- Genre: Educational
- Created by: Shesez
- Directed by: Shesez
- Theme music composer: F1NG3RS
- Country of origin: United States
- Original language: English
- No. of episodes: 155

Production
- Running time: 15 min.

Original release
- Release: April 27, 2016 – present

Related
- Region Break; Sequence Break;

= Boundary Break =

YouTube series

Boundary Break is a YouTube series hosted by Derek Forte, better known as Internet personality Shesez. In the series, Shesez explores locations normally unaccessible in video games by using unofficial virtual camera mods. The series started on April 27, 2016, with an episode exploring Super Smash Bros. Brawl.
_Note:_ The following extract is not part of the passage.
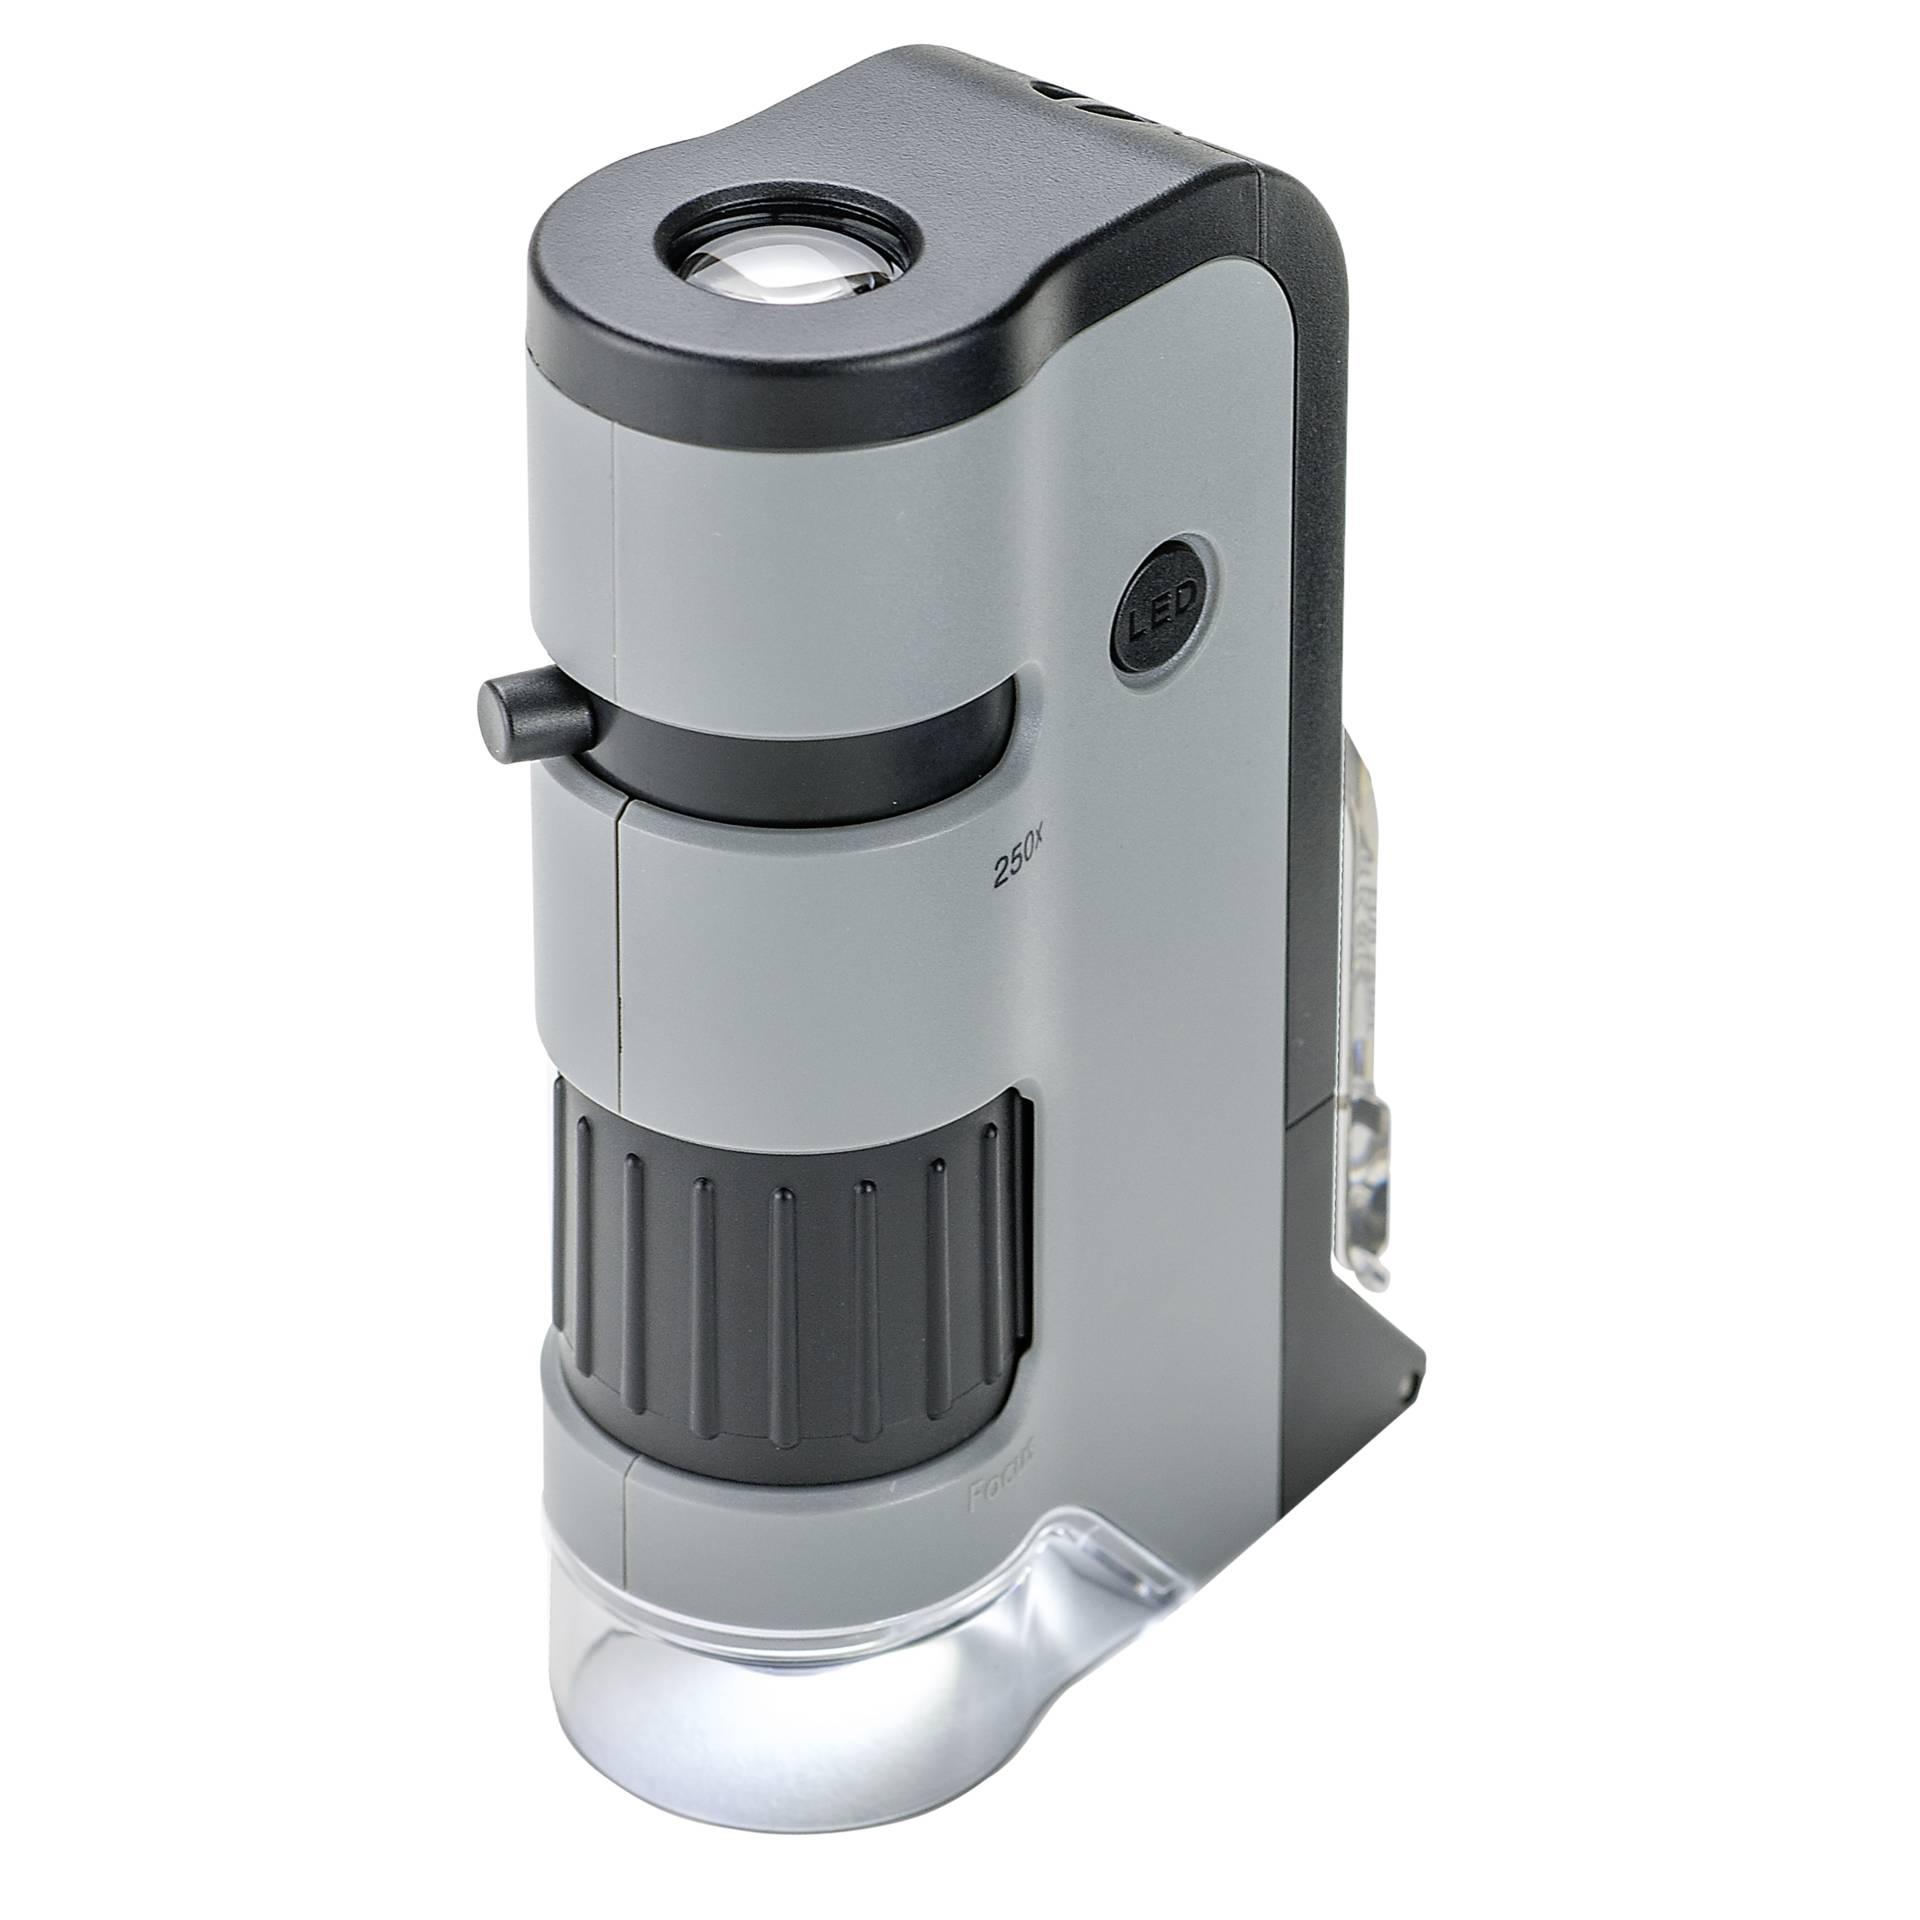 Carson MicroFlip 100x - 250x LED Pocket Mikroskop

During its run, the show has made multiple notable discoveries in its covered games, including Animal Crossing: New Horizons, Star Wars Jedi: Fallen Order, P.T., Shovel Knight, Grand Theft Auto V, Untitled Goose Game, The Simpsons: Hit & Run, and Mario Kart 8. For certain episodes, Shesez has spoken with people involved with the development of the covered games, including Kyle Pittman, a programmer for Borderlands 2, and David D'Angelo, a programmer for Shovel Knight.

== Reception ==
Boundary Break's creator and host, Shesez, was nominated for a Shorty Award in the Gaming category for his work on the series, where he was a finalist. Kotaku's Zack Zwiezen praised the Boundary Break episode covering Lego Star Wars: The Video Game, calling it his favorite episode of the series.